▸ **Prompt**: Strip out the pictures and transcribe the records that follow exactly.

▸ **Supplied data**:
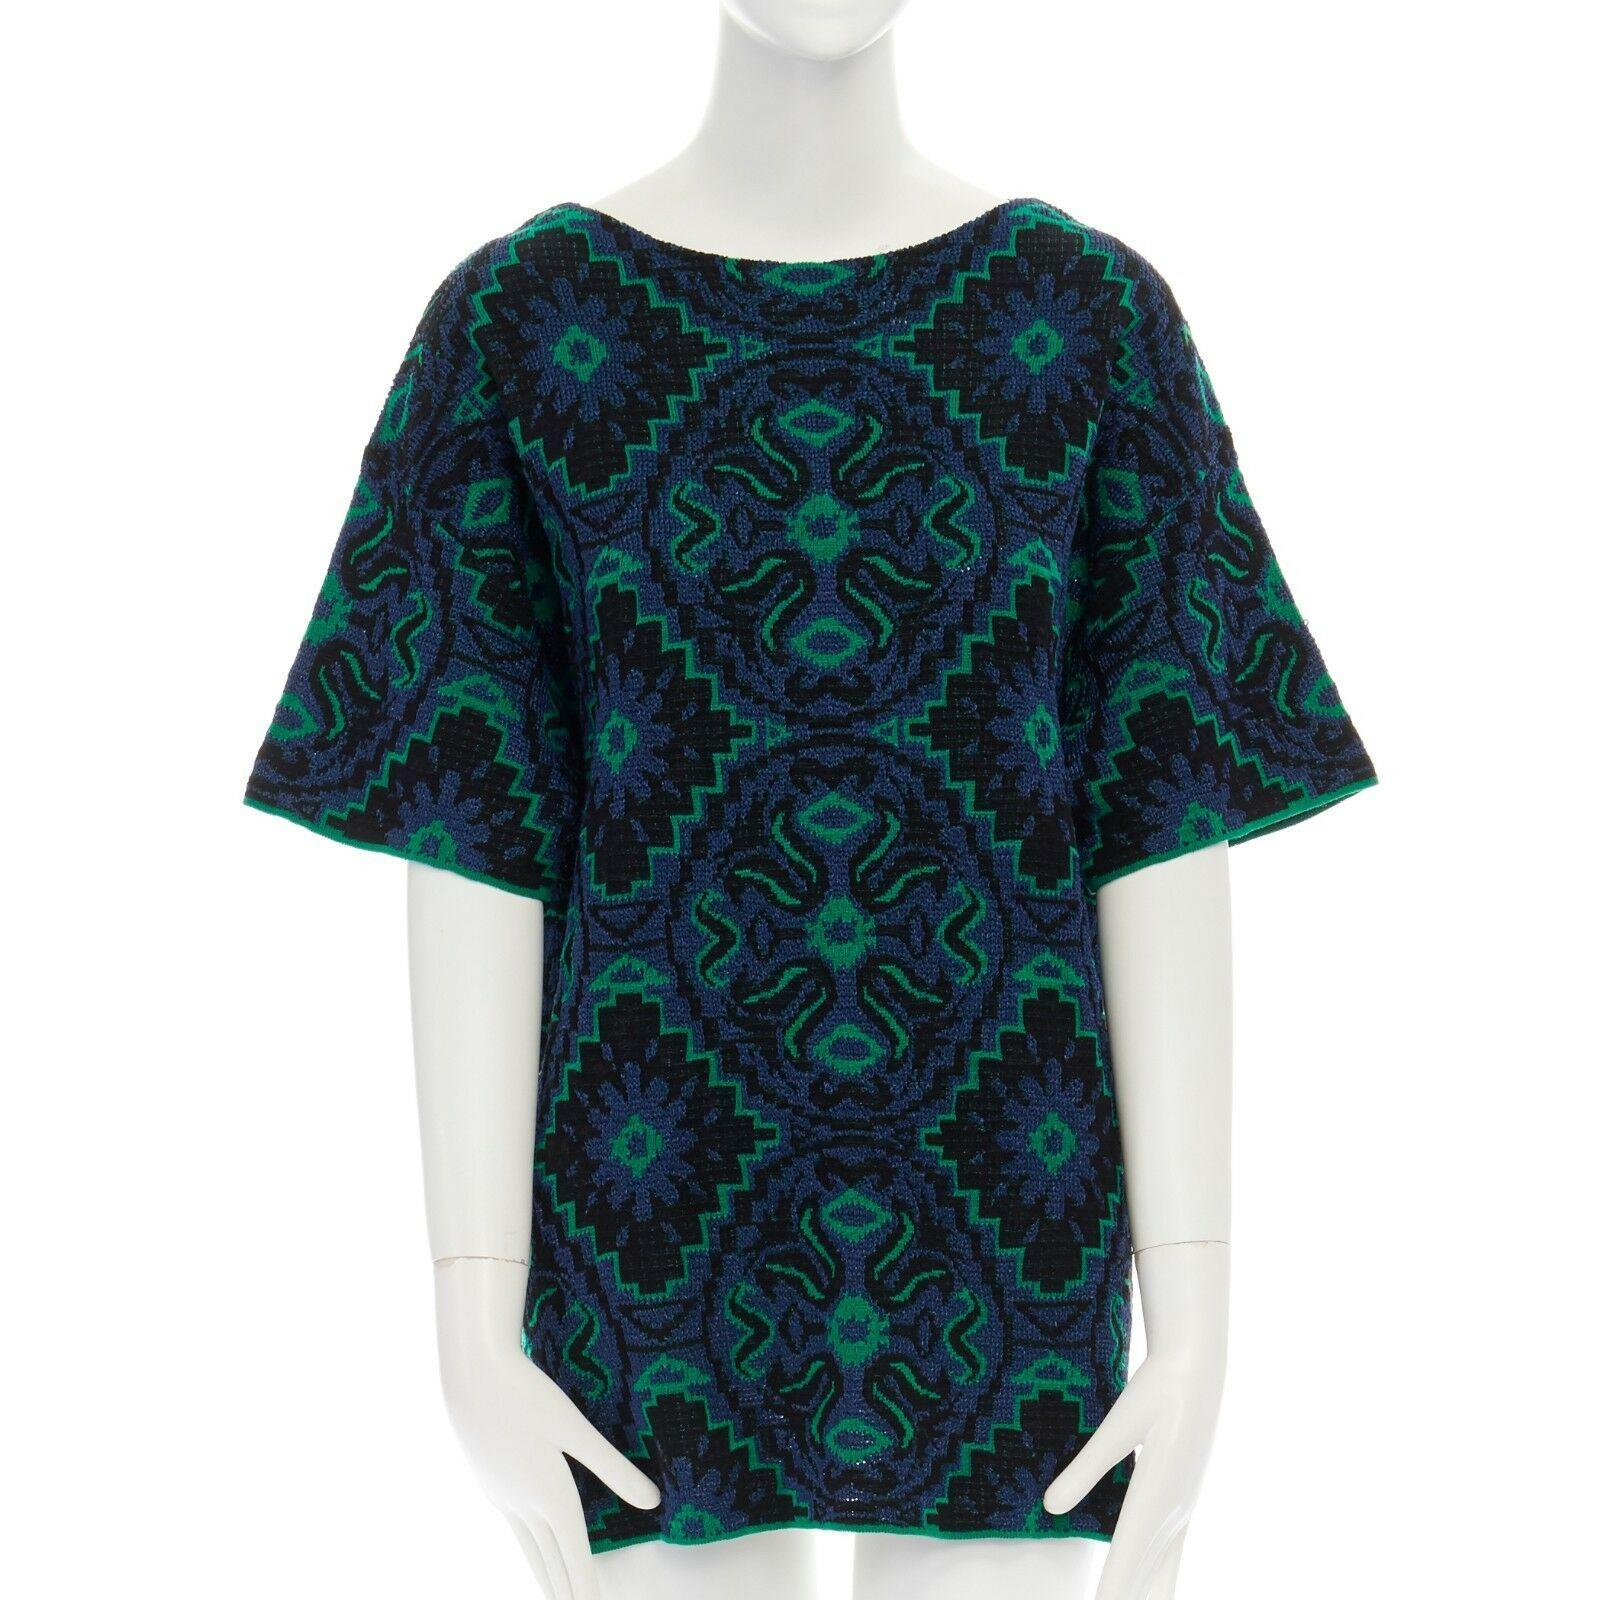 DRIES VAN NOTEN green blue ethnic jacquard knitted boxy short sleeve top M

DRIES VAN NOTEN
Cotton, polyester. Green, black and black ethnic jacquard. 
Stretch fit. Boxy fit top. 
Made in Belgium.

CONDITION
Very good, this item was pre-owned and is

▸ **Your response**:
 DRIES VAN NOTEN green blue ethnic jacquard knitted boxy short sleeve top M

DRIES VAN NOTEN
Cotton, polyester. Green, black and black ethnic jacquard. 
Stretch fit. Boxy fit top. 
Made in Belgium.

CONDITION
Very good, this item was pre-owned and is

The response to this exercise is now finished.